Дороти Девис - Шоковая волна
— Папа… знаете, я никогда его так не называю. Все так зовут, только не я. Да, профессору Ловенталю, декану Борку и, думаю, даже Хиггинсу теперь мое имя будет знакомо.
Я не сказала ему, как он близок к тому, чтобы избавиться от своего статуса анонимности благодаря интересу к нему Хиггинса.
Форбс повернул голову ко мне и даже чуть наклонился, видимо из-за моего невысокого роста. Было что-то странное в его глазах, когда он сердито посмотрел на меня.
— Скажите мне, Катерина Осборн, чем я так уж изменился со вчерашнего утра?
— Я не видела вас вчера утром, — ответила я.

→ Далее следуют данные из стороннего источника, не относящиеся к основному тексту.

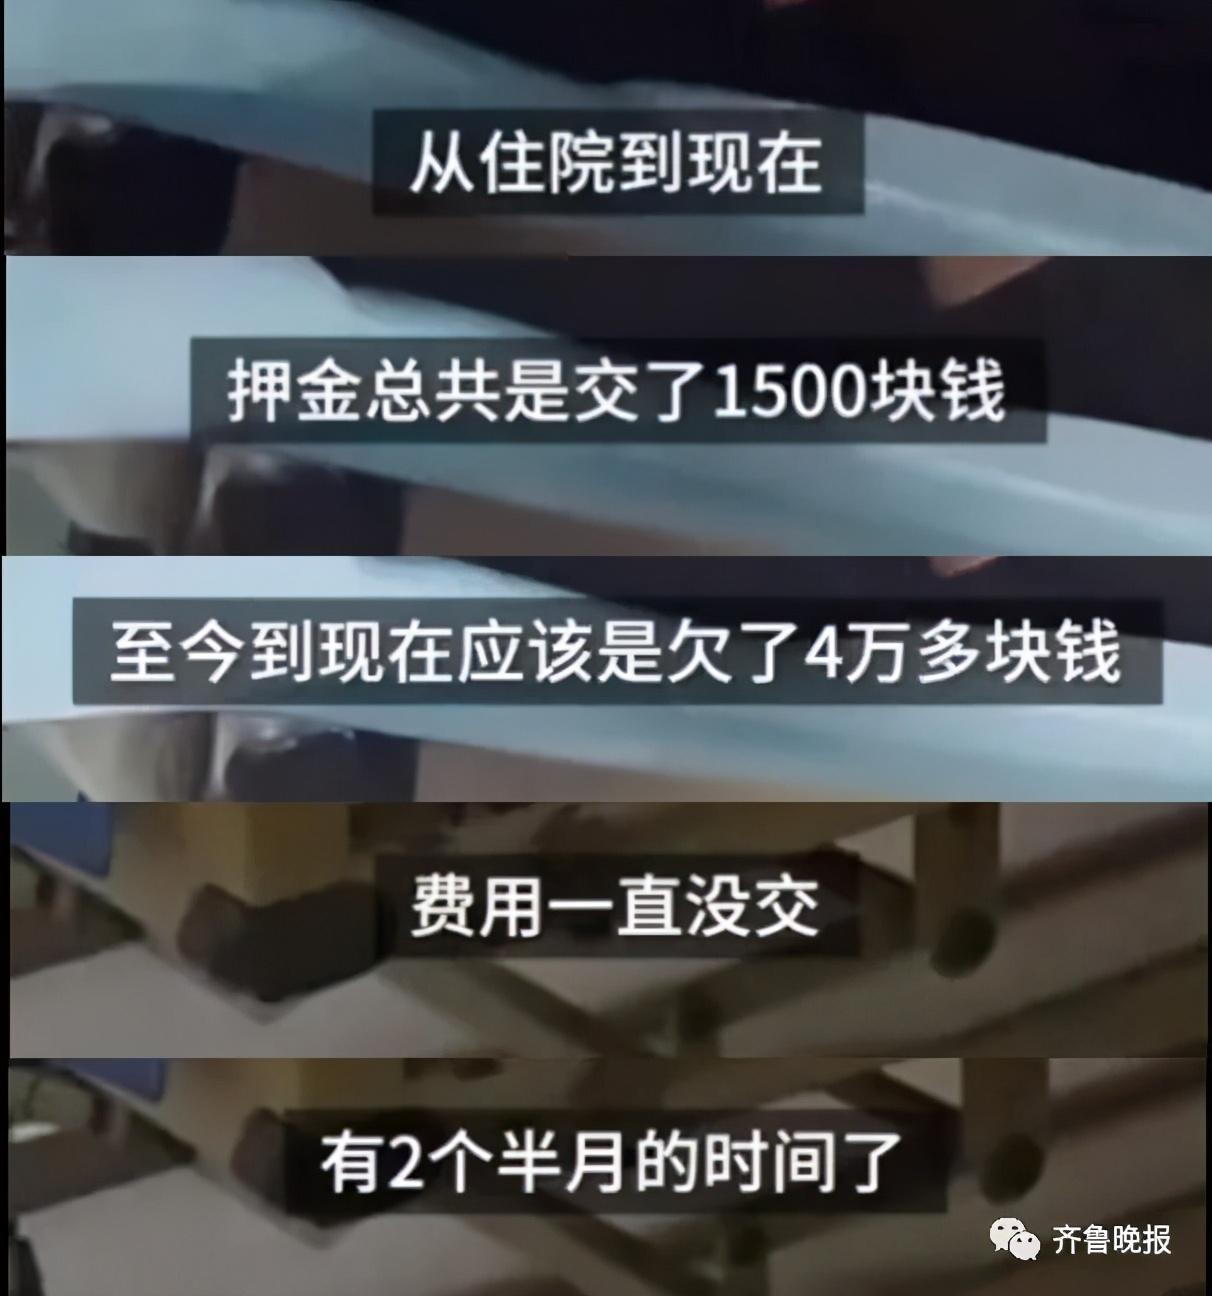 济南一男子砍断手指,治疗后欠医院4万赖着不走:每月还50,分期付款行不?

— Вы уверены, что знаете меня сейчас?
— Я не стала бы этого утверждать. Я знаю немного о том, о ком ничего не знала до вчерашнего вечера. Только это, не больше.

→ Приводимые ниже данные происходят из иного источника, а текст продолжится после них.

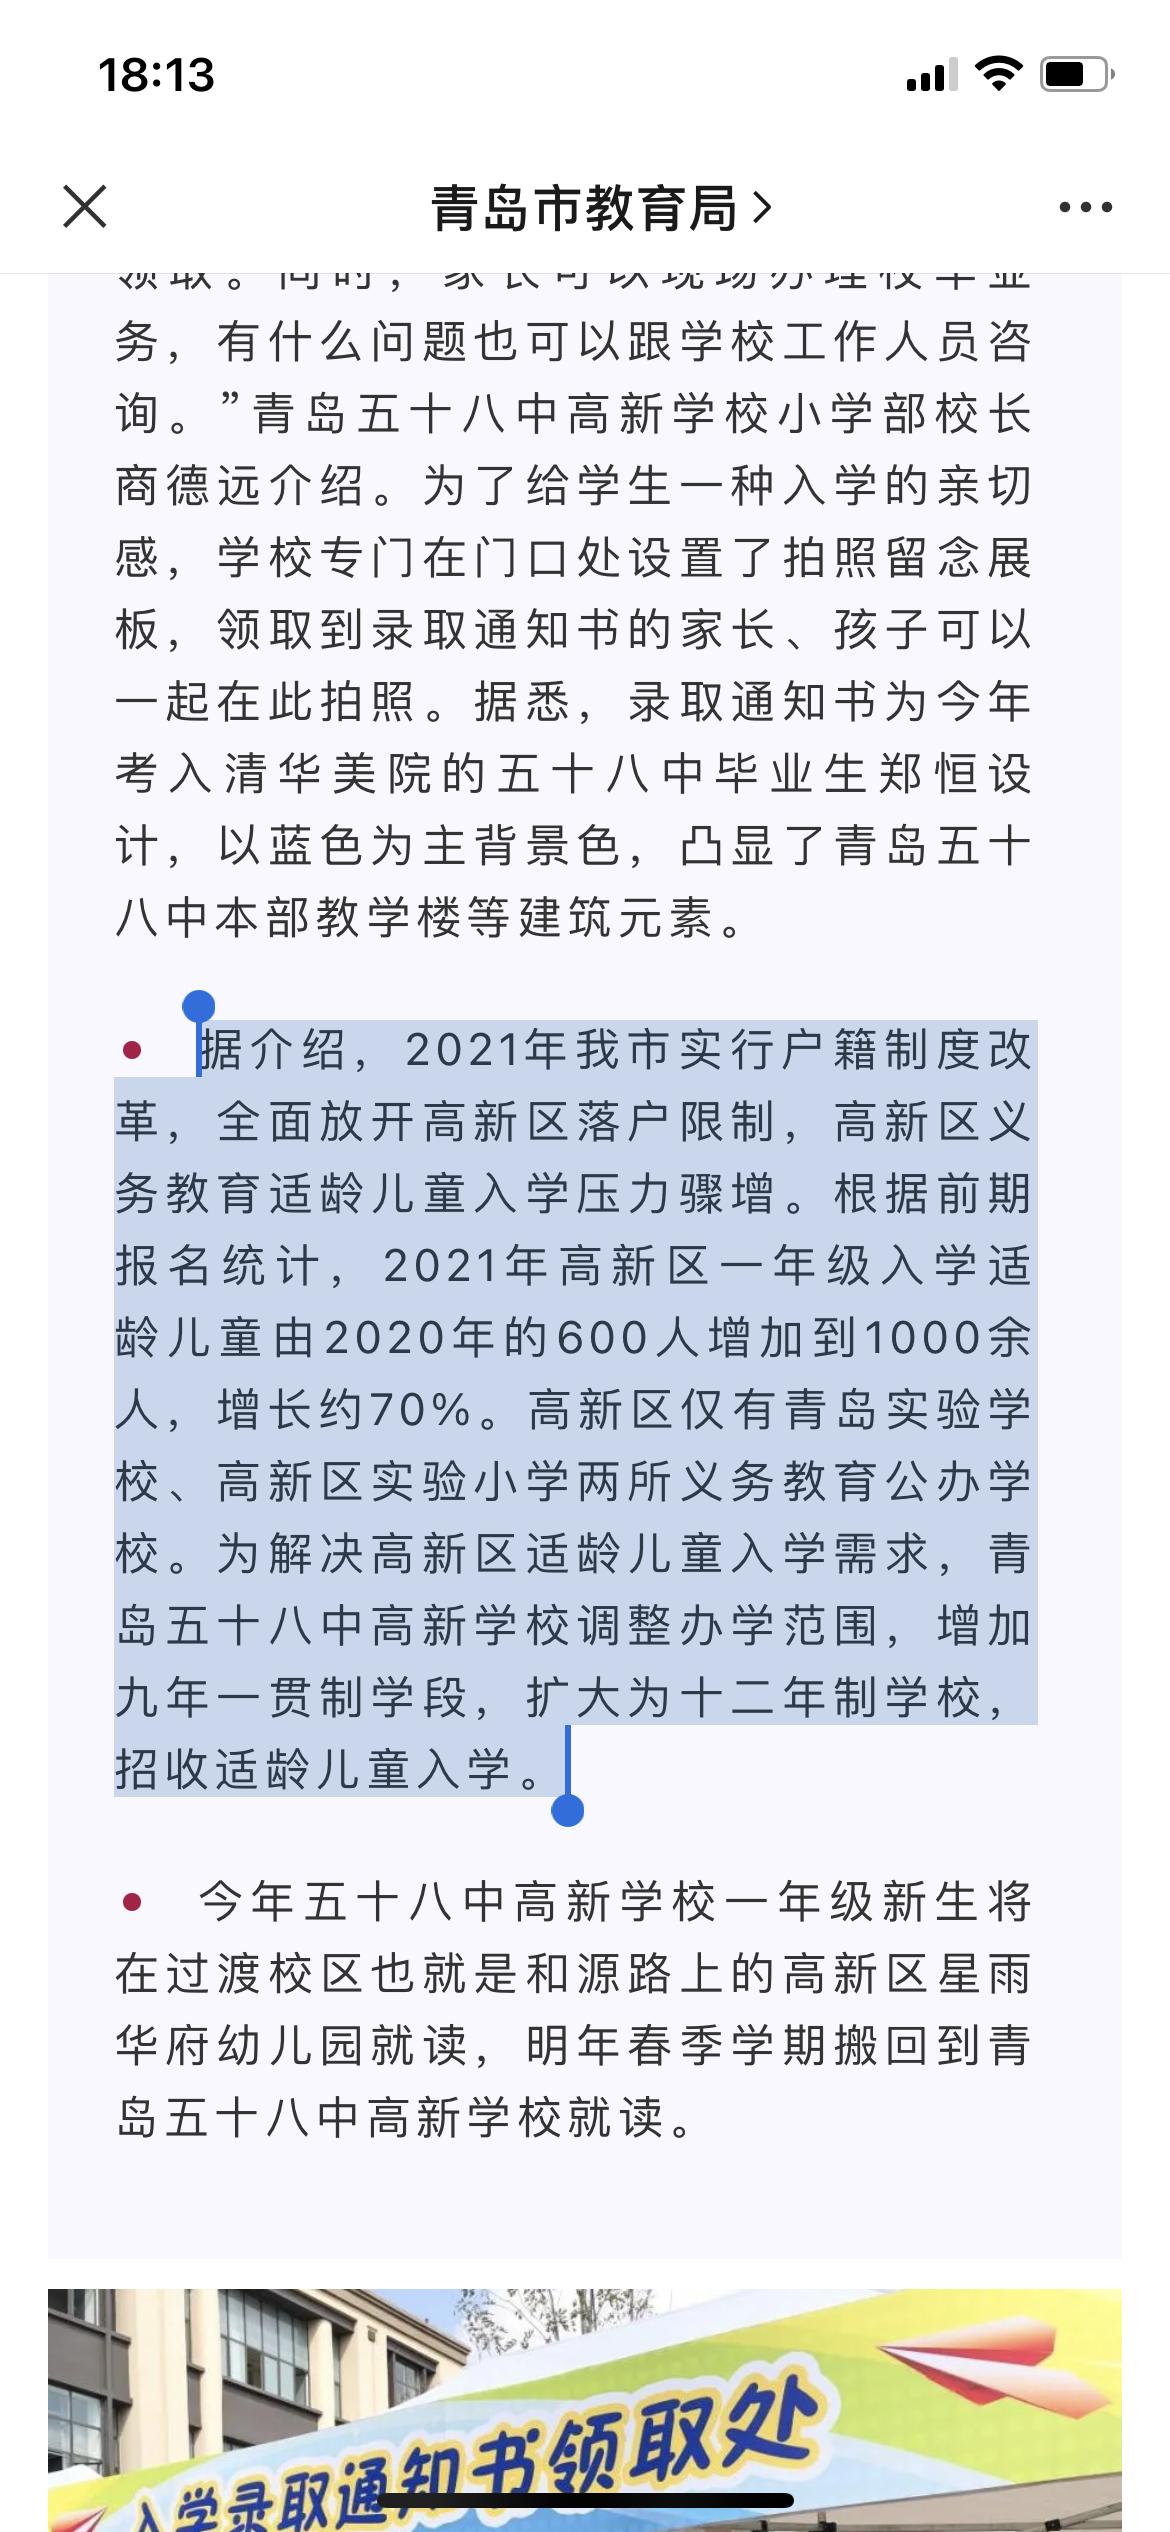 8月4日,青岛市教育局官方微信发布文章的截图。

— Говорите мне Рэндалл, — попросил он.
— Рэндалл.
— У вас такие хорошие глаза. И вы отличная журналистка.
— Откуда вы это знаете?
— Борк дал мне репринт вашей статьи о катастрофе в шахте.
— Я польщена, — тихо ответила я.
— Как должен быть польщен и этот проходимец Хиггинс. Он вам нравится?
— Вы его видели когда-нибудь? — ответила я вопросом на вопрос.
— Слава богу, нет. Но буду честен с вами: я хотел бы познакомиться с ним. Думаю, мне понравился бы его образ жизни.
Форбс проводил меня к машине. Я предложила подвезти его, за что он пообещал угостить меня виски в первом же приличном баре. Но мы не сделали ни того, ни другого. Хотя он и презрительно отозвался о «дипломатической почте», которую должен к утру превратить в отчет Хиггинсу, мы оба понимали, насколько важно, чтобы этот документ был безукоризненным.
Глава 4
Я проснулась от несмолкаемого воя сирен. Было начало шестого утра и еще не рассвело. У меня не было причин считать, что этот переполох мог непосредственно меня касаться, но, решив так, я бы сама вычеркнула себя из цеха журналистов.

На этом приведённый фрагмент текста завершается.